Making a hypothesis about a population parameter

Before we go any further, probably the best way to make this situation more concrete is to see some examples of the sorts of hypotheses we could see in a hypothesis test.

Hypotheses that can be tested

batteries and coin
  1. A consumer watchdog team is testing a claim made by a battery manufacturer. The battery manufacturer claims that their batteries last an average of 60 hours. The watchdog collects a sample in order to conduct a hypothesis test. In this example, the hypothesis that is being tested is:

    The average lifetime of a battery is 60 hours.

  2. Fred has a coin that he thinks is weighted, such that the proportion of times that it lands on heads is not 50%. (He does not know which way the coin is weighted, he just suspects that it is not fair.) He decides to flip the coin several hundred times and conduct a hypothesis test. In this example, the hypothesis that is being tested is:

    The coin is fair and lands on heads 50% of the time.

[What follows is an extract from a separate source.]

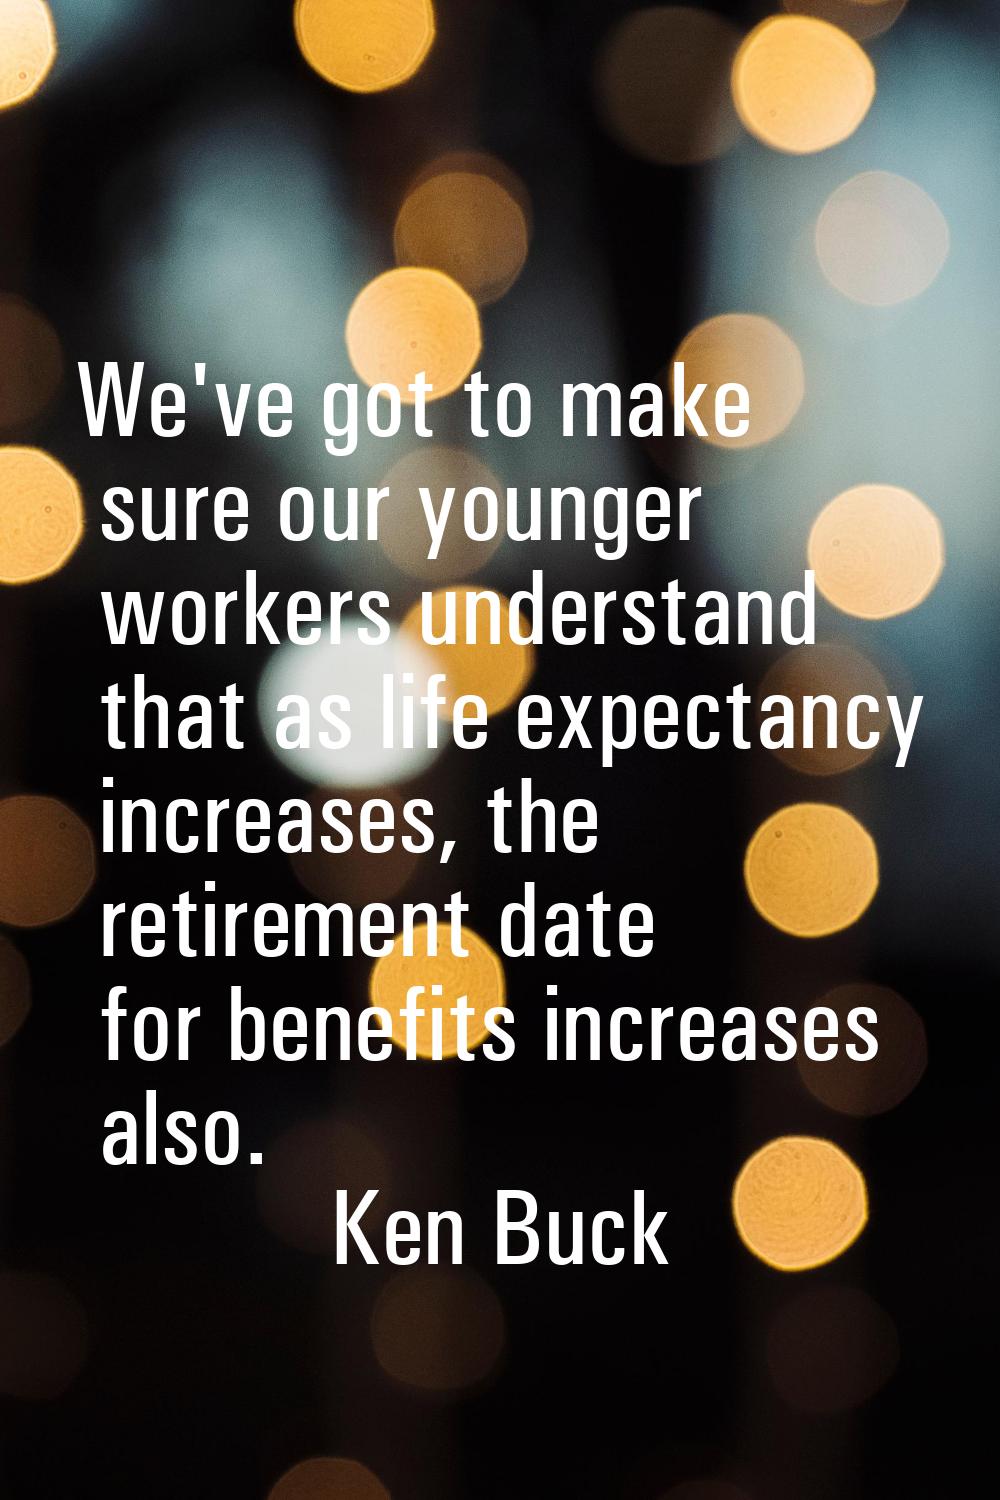 We've got to make sure our younger workers understand that as life expectancy increases, the retire

    Is this the hypothesis that you would expect Fred to test?

Note in the second example that the claim that is being tested is not the claim that Fred is interested in proving. He seems to already suspect that the coin is not fair. However, the claim that is being tested is that the coin is fair. This can be generalized to a rule for hypothesis testing:

In any hypothesis test, the claim that you are testing is always a claim that a population parameter will assume some specific value.

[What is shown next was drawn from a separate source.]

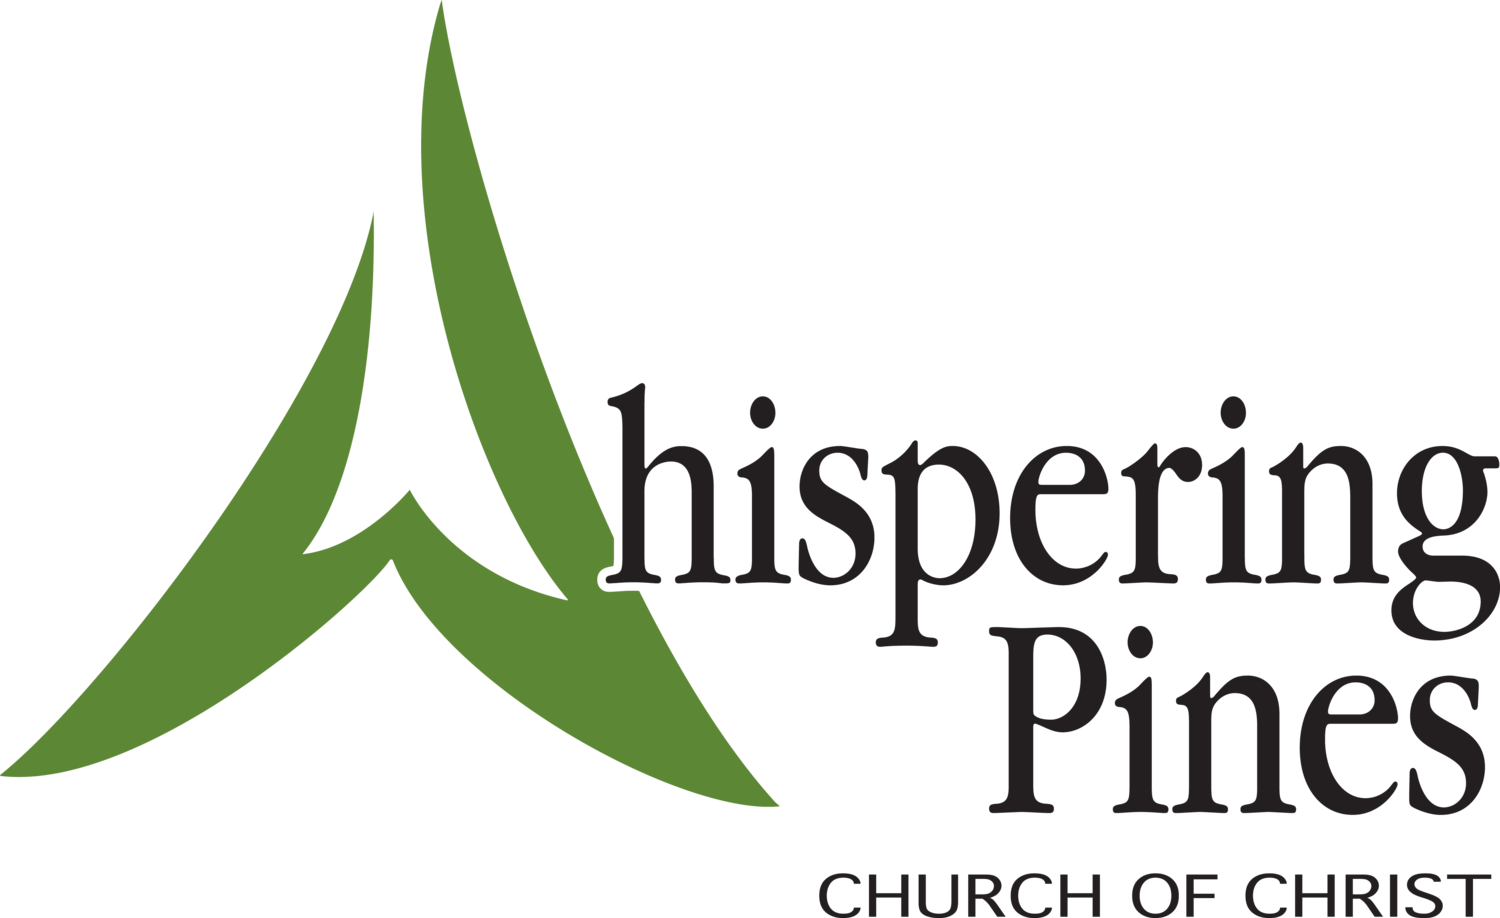 Whispering Pines Church of Christ

So, even though Fred would like to prove that the coin isn't fair, the claim that he is 'testing' is that the coin is fair because this is the claim that assigns a specific value to a population parameter. To be more precise, we can let X represent the categorical variable that represents which side of the coin lands after a flip. This variable has two values: heads and tails. If the coin is fair then π, the population proportion of times that X assumes a value of heads, is equal to 50%. And this is the claim that Fred is testing: he is testing the claim that π is equal to 50%.

The battery example above also demonstrates this rule. There, we can let Y be the numerical variable that represents the lifetime of a battery. The watchdog is testing the claim that μ, the population mean of Y, is equal to 60 hours.